When using passive memory devices connected in parallel, e.g., in form of an array, leakage current problems can occur. Leakage problems can be reduced, for example, by forming a Schottky barrier between an organometallic charge-transfer complex, such as M(TCNQ) and the underlying electrode. Alternatively, it has been proposed to provide a rectifying diode in series with the switching resistance at each intersection point of a memory array. This requires additional layers and processing steps.
The molecular composite material can have stable and metastable states that affect the retention time of the device. The device has an electrically insulating off state and at least one electrically conducting on state. The device can be switched reproducibly between the on state(s) and the off state by applying an electrical field across the device with a predetermined polarity and magnitude for a predetermined time.

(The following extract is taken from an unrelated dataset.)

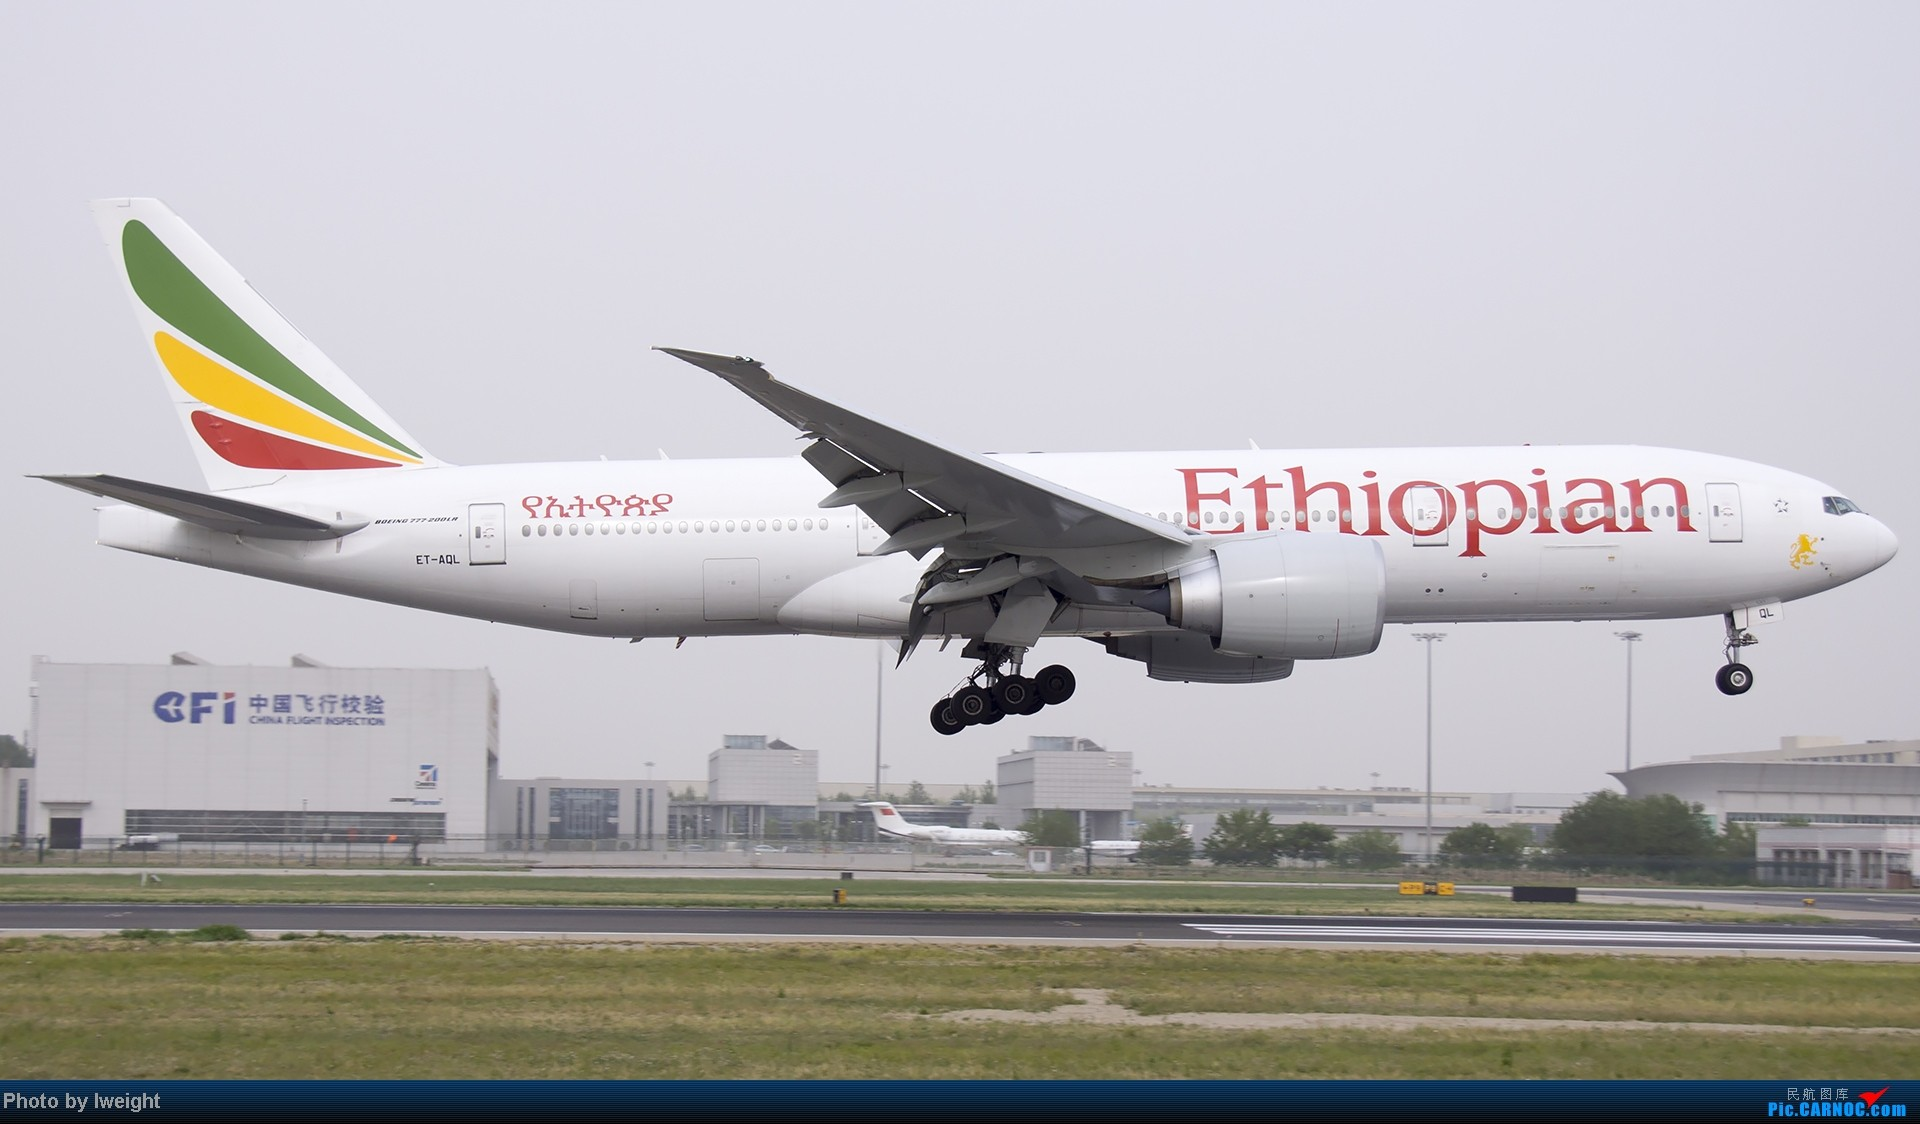 Re:[原创]霾天首都机场随拍 BOEING 777-200LR ET-AQL 中国北京首都机场

It would therefore be desirable to provide a device that has a built-in barrier that reduces leakage currents.
SUMMARY OF THE INVENTION
The present invention provides a novel memory cell comprising an active region including a molecular system. Ionic complexes may be distributed in the molecular system. At least one write electrode applies an electric field to the active region to write information to the active region, and at least one read electrode is provided for reading the information from the active region.
In accordance with an aspect of the invention, the memory cell may includes a pair of write electrodes for writing information to the memory cell, and the active region responsive to an electric field applied between the first and second write electrodes for switching between an on state and an off state. A pair of read electrodes detect whether the active region is in the on state or in the off state to read the information from the memory cell.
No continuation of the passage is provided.